The main strength of this study is that the study cohort represents a consecutive, contemporary population seen at a well-equipped tertiary centre for neonatal care. A high percentage (84.5%) of the eligible population underwent MRI at term-equivalent age. Thus, the nature and frequency of cerebral findings may be regarded as representative for other European centres with comparable resources and concepts of care. Univariate analysis was chosen as an explorative approach to evaluate clinical risk factors for brain injury in our population. Adjustment for multiple testing was not considered to be reasonable since especially immaturity and parameters concerning respiratory disease are mutually dependent. A limitation at that point is that outcome data are not yet available for the total cohort. This data will be provided in the future since our cohort continues to be followed to school age and possibly beyond.
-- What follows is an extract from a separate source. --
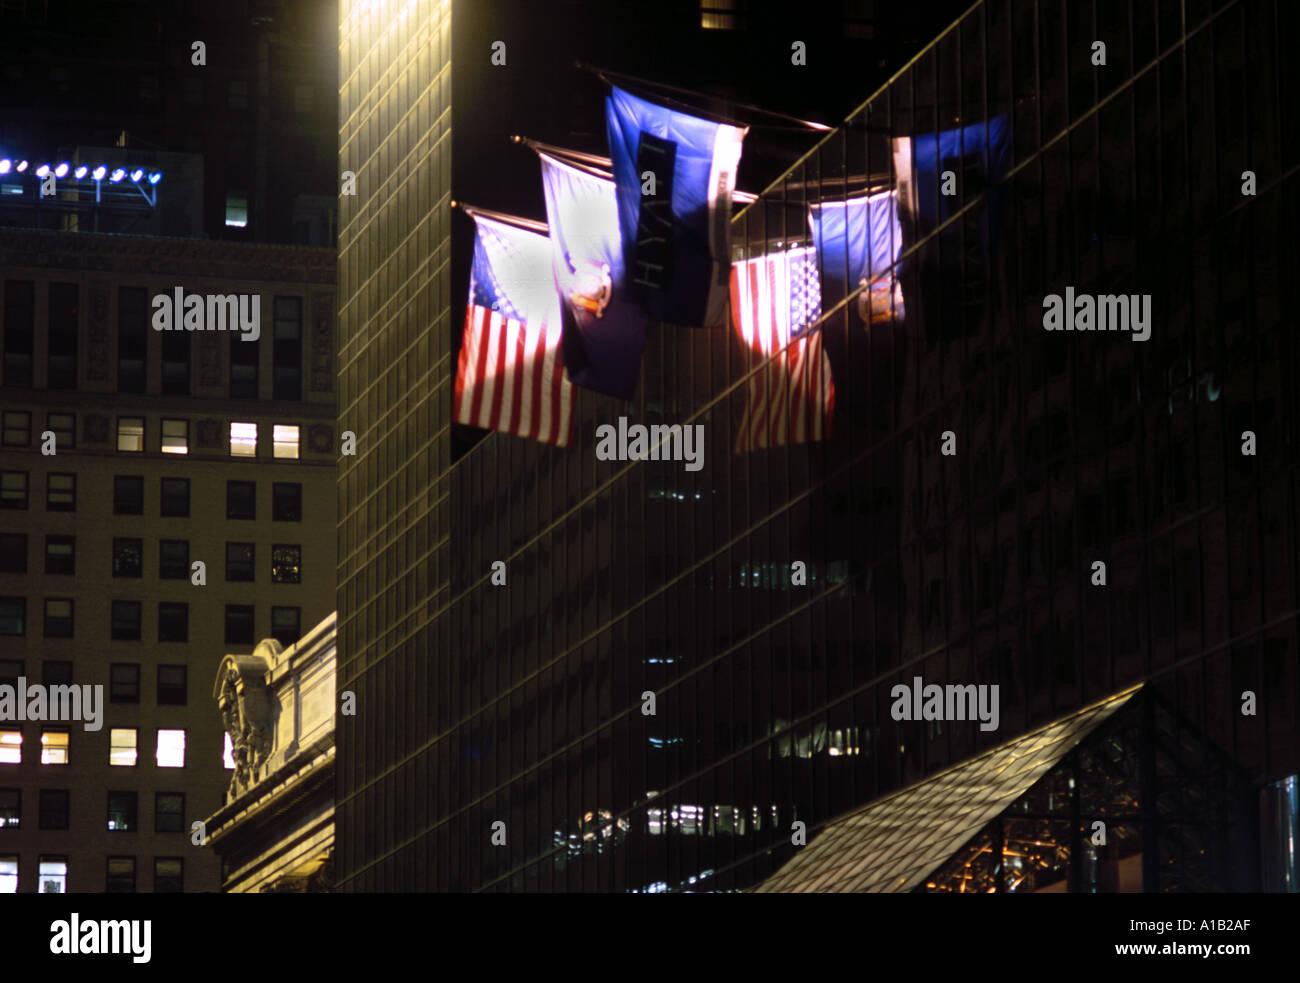 Flags flying at night outside New York City Grand Hyatt Hotel USA - Stock Image

This study provides comprehensive data on frequency and patterns of brain abnormalities detected by conventional MRI at term-equivalent age in a contemporary cohort of preterm infants born at <32 weeks. There was good agreement between neonatal cranial ultrasound and MRI in the diagnosis of IVH, but MRI proved superior in the detection of CBH and non-cystic white matter injury. Decreasing gestational age and neonatal complications involved with immaturity have been identified as risk factors for CBH, whereas white matter injury was found in relatively mature infants and was associated with a more frequent need for catecholamine supply suggestive for circulatory disturbances.

Current evidence indicates an association between these early MRI findings and subsequent neurodevelopmental outcome. However, to date comprehensive assessment of the effect of especially isolated subtle brain injury and delayed maturation in otherwise “uncomplicated” and “healthy” preterm infants has been confined to the second year of life. Thus, after MRI at term-equivalent age has been implemented as routine examination in many centres, standardised neuropsychological follow-up of large cohorts of preterm infants until adulthood is absolutely essential to uncover potential associations between MRI findings and subtle cognitive deficits or behavioural problems that may first manifest themselves at later ages.

Acknowledgments

We gratefully thank all children and their parents, who participated in this study.

Data Availability

All relevant data are within the paper.

Funding Statement

The authors received no specific funding for this work.